Эта улыбка, с которой он вышел на крыльцо к толпе народа из подполья, где он только что дорезал человека, его гордость.
Часто, однако, за этим бахвальством кроется нечто другое.
Часто это только желание заглушить душевные муки, желание нагнать на себя "куражу".
Желание смехом подавить страх.
Так дети, по вечерам боящиеся оставаться в темной комнате, днем хвалятся своей храбростью, смеются над всеми привидениями в мире:
– Пусть придут, пусть!
"Работал я в сапожной мастерской, – рассказывал мне один интеллигентный преступник, убийца, – вместе с нами работал некто Смирнов рецидивист, совершивший много преступлений, молодой человек. Ужас, бывало, берет слушать его разговоры. Не было у него и темы другой, кроме рассказов о своих убийствах. Он вспоминал о них с удовольствием, со смехом. Как он издевался над памятью своих жертв. В каком комическом виде представлял их предсмертные муки, мольбы, с каким цинизмом высмеивал их слова, их просьбы о пощаде. Просто, бывало, иногда работа падает из рук!
Ужас меня брал при одном звуке голоса этого человека. А тут еще мое место на нарах как раз рядом с ним.
Он спал с краю, я около. Просыпаюсь как-то от сильного толчка, гляжу, – лампа была как раз около наших мест, – стоит Смирнов около нар. Лицо белое, словно мелом вымазано, глаза страшные, широко раскрытые. Ужас на лице написан.
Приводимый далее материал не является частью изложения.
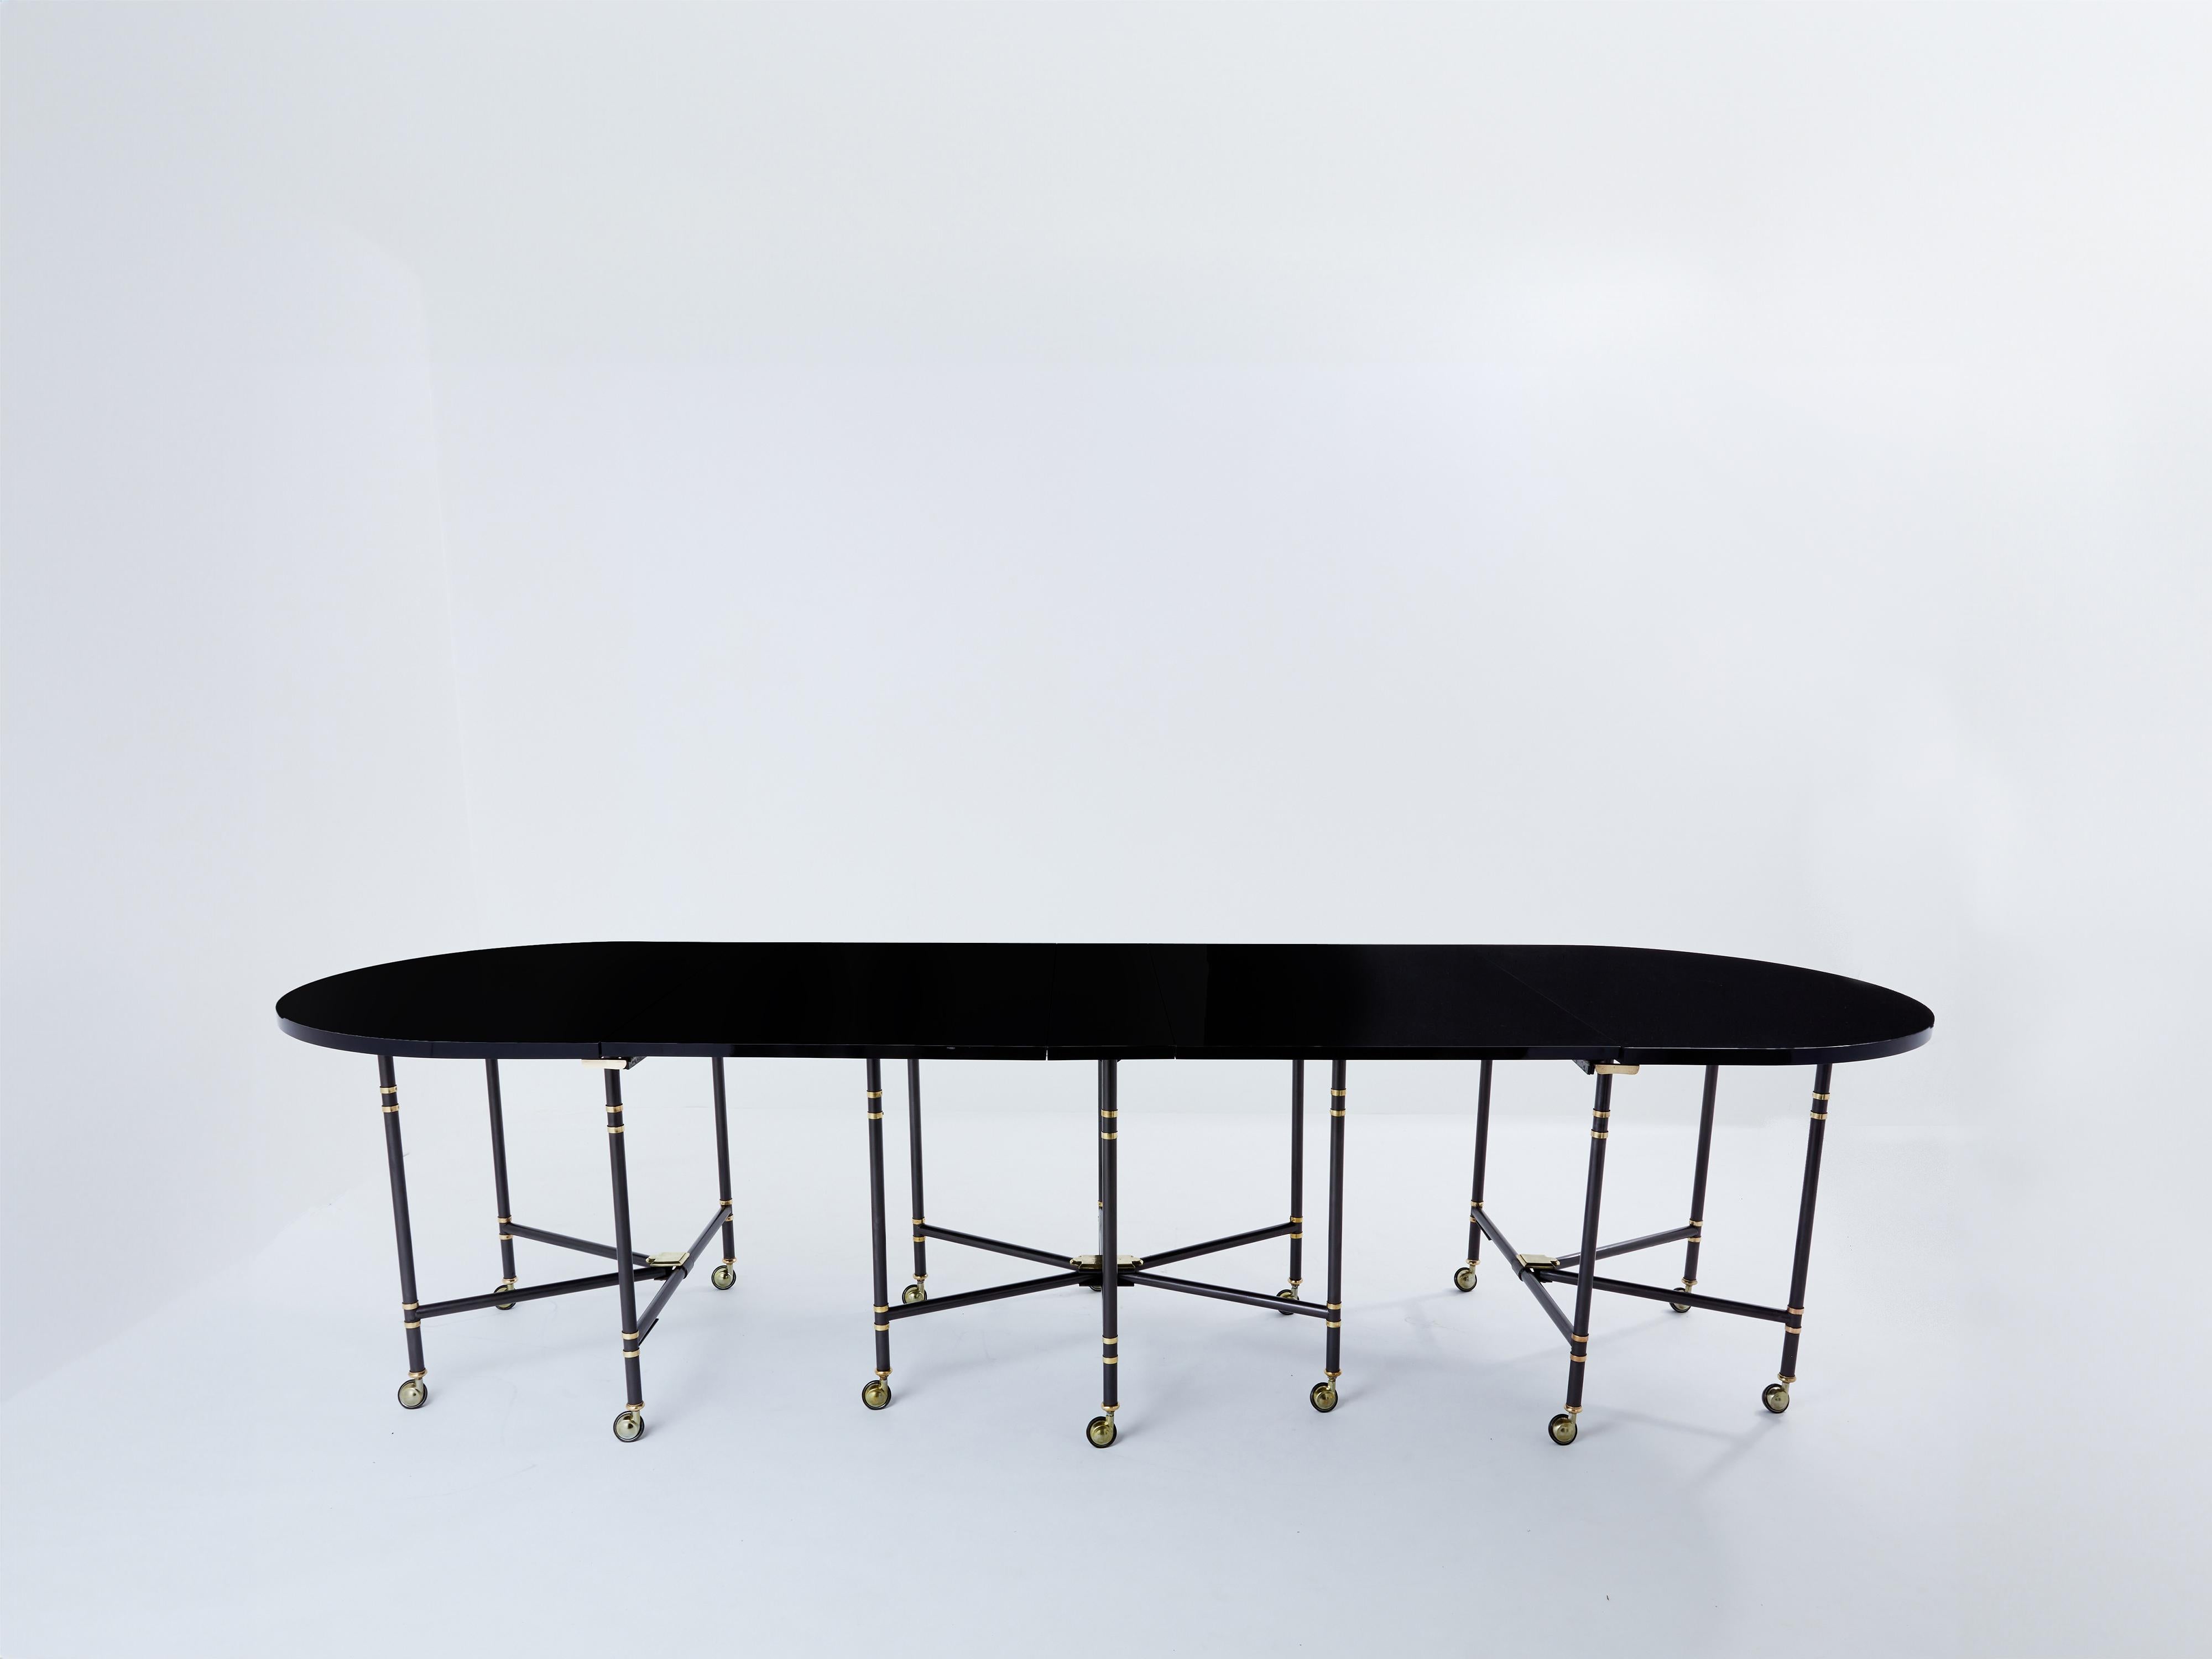 This long oval black lacquered top extension dining table is one of Maison Jansen's most iconic pieces. Named Royal, this table was a special design by Pierre Delbée for French actress Jacqueline Delubac in the early 1960s, who hated the idea of a

Не подходи... – говорит, – не подходи... убью... не подходи... Дрожит весь, голос такой, – жуть берет слушать. Испугался я. "Смирнов, говорю, – что с тобой? С кем ты разговариваешь?" – "Вон он, – говорит, вон он... весь в крови... из горла-то, из горла как кровь хлещет... идет, идет... сюда идет... не подходи!.." Ухватился за меня, держится, руки холодные как лед. И у него зубы стучат и меня лихорадка бьет. "Господь с тобой! Кого ты видишь?" – "Он, он, последний мой", шепчет. "Да успокойся ты, дай я тебе воды принесу!" – "Нет, нет, не уходи... не уходи... А то он... он..." Так и пришлось вместе с ним до кадушки с водой идти. Он за меня держится, кругом дико озирается, боится на шаг отстать. Отпоил я его водой, – пришел в себя. Просил пустить его на мое место, – с краю лежать боялся, – я лег к нему поближе. "Страшно мне", – говорит. "Да зачем же ты днем-то над ними смеешься?" – спрашиваю. "Потому и смеюсь, что страшно. Ходят они ко мне по ночам. Вот днем-то и стараюсь храбрости набраться и куражусь".
"Бахвальство" преступлением – это часто только крик, отчаянный вопль, которым хотят заглушить голос совести.
– Душа преступника – это море, вряд ли когда бывает штиль.
Здесь когда-то разыгрывался страшный шторм. Теперь колышется зыбь.
А очень крупную зыбь так легко с первого взгляда принять за полный штиль.
Преступление оставляет неизгладимый след, глубокую борозду в душе.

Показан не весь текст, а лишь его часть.